- EXERCISE DATA

+ + + + +

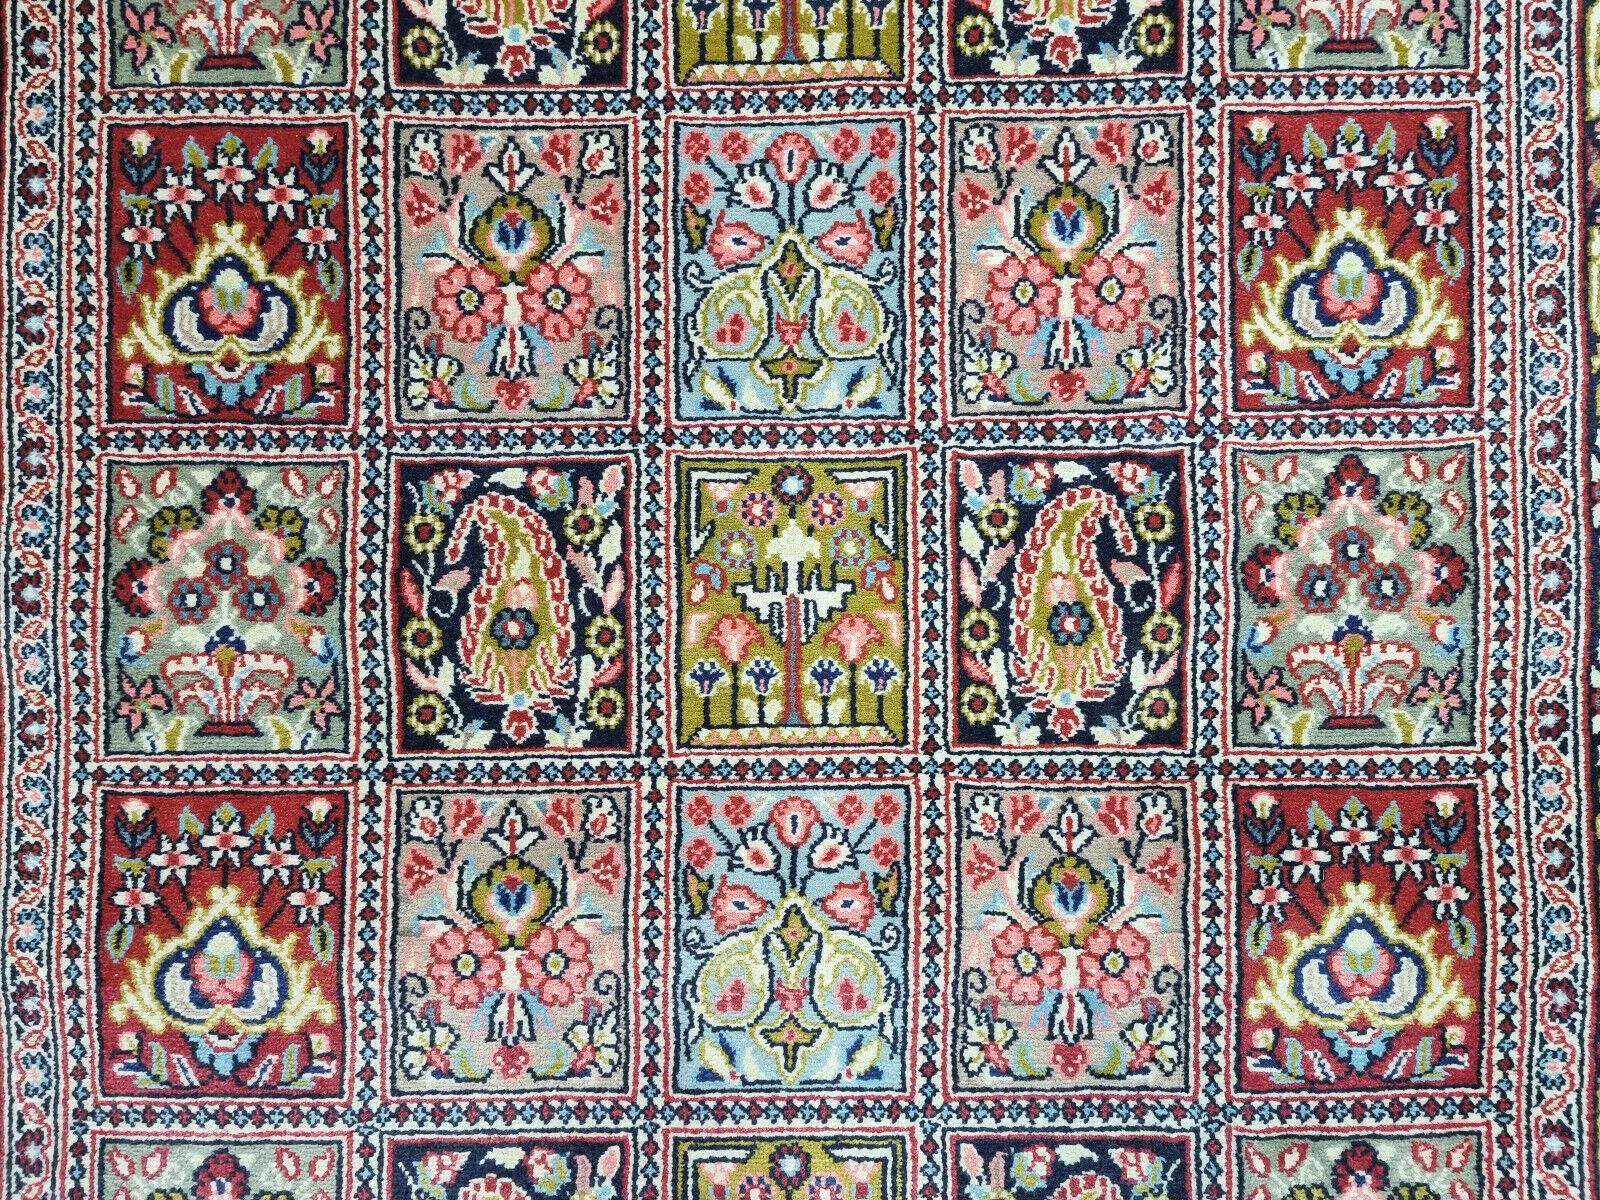 Wool Handmade Vintage Persian Style Qum Rug 3.6' x 5.1', 1970s - 1D87 For Sale
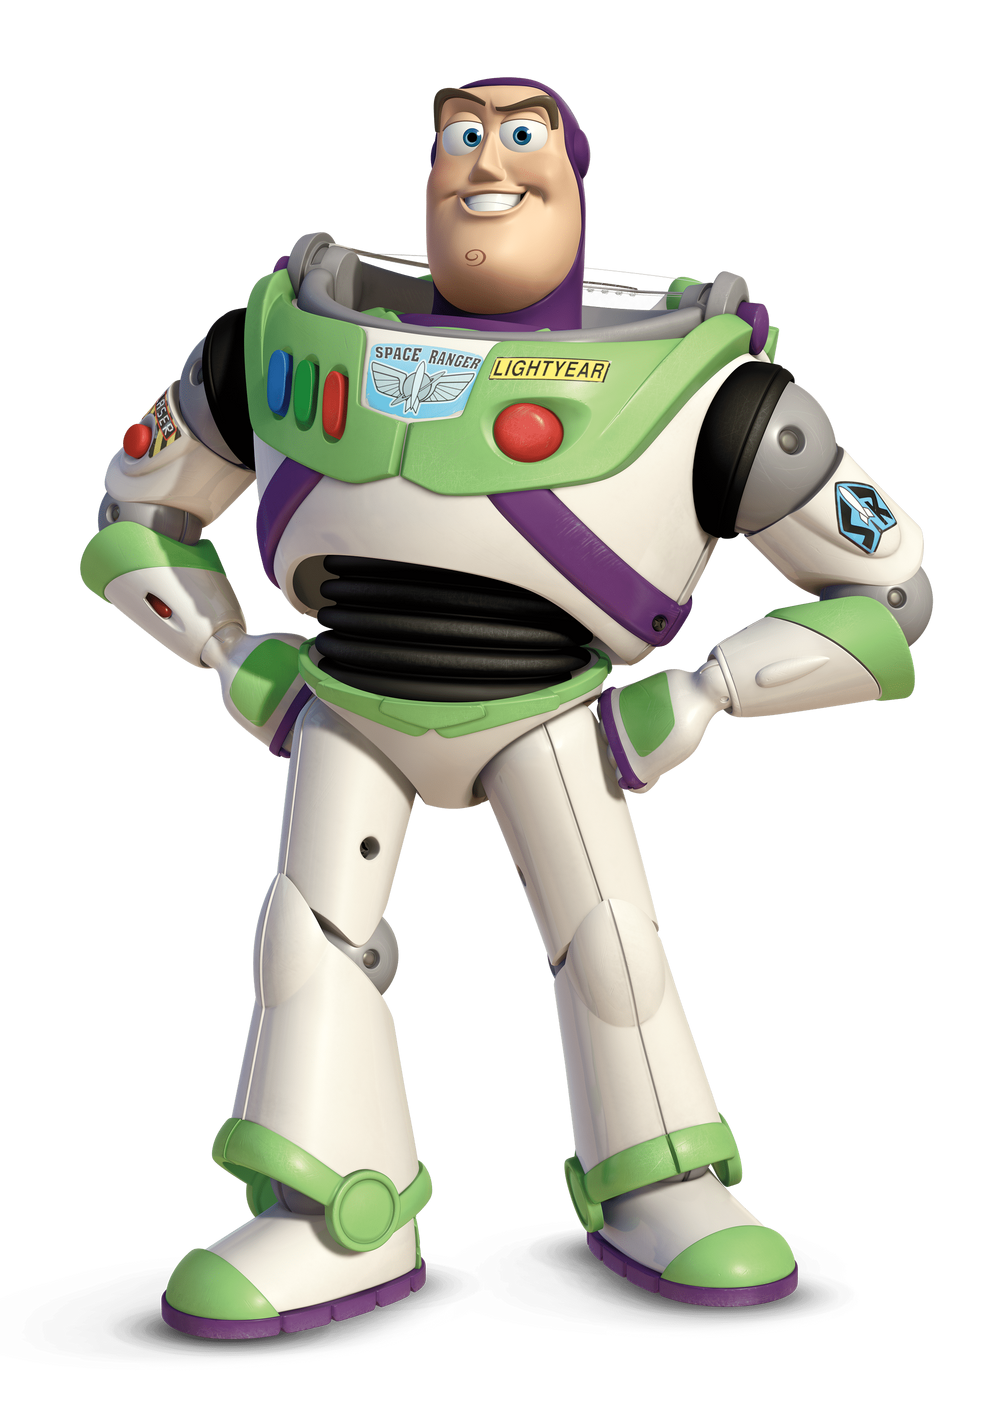 toy-story-5-confirmed-to-bring-back-woody-and-buzz-lightyear
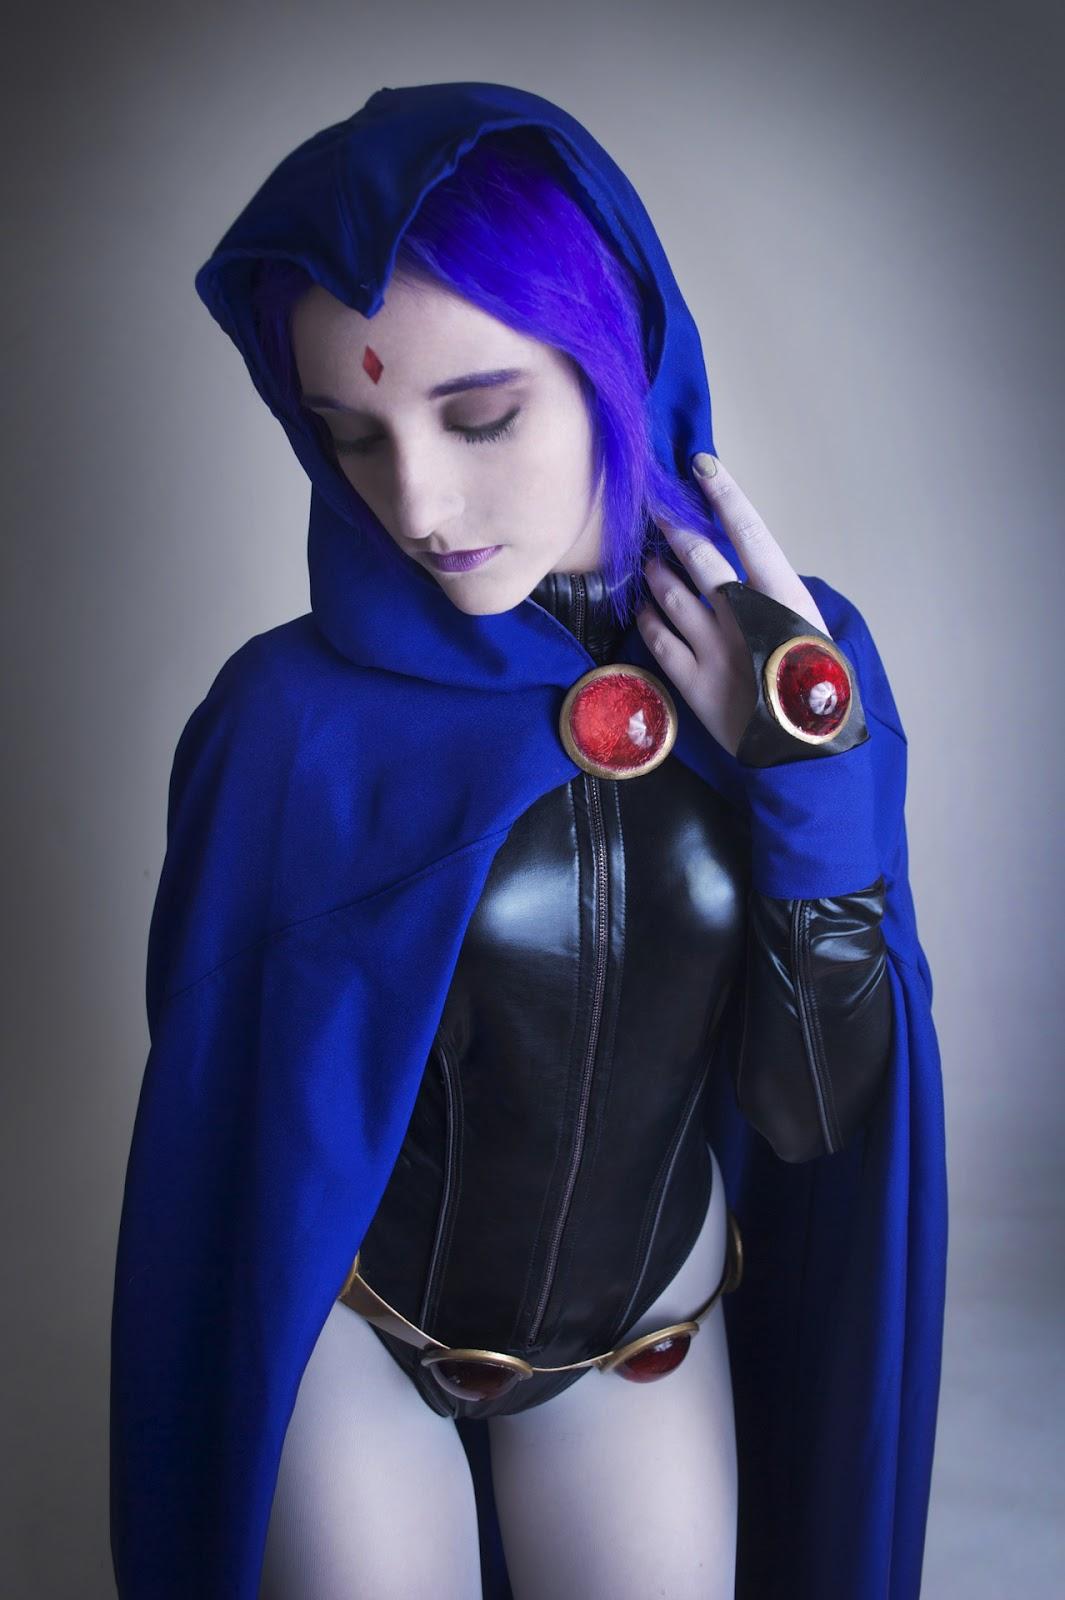 50+ Hot Pictures Of Raven From Teen Titans, DC Comics. 13

+ + + + +

- YOUR GOAL
Please set down the lines above word for word and leave out the pictures.

- FINISHED TASK
 Wool Handmade Vintage Persian Style Qum Rug 3.6' x 5.1', 1970s - 1D87 For Sale
 toy-story-5-confirmed-to-bring-back-woody-and-buzz-lightyear
 50+ Hot Pictures Of Raven From Teen Titans, DC Comics. 13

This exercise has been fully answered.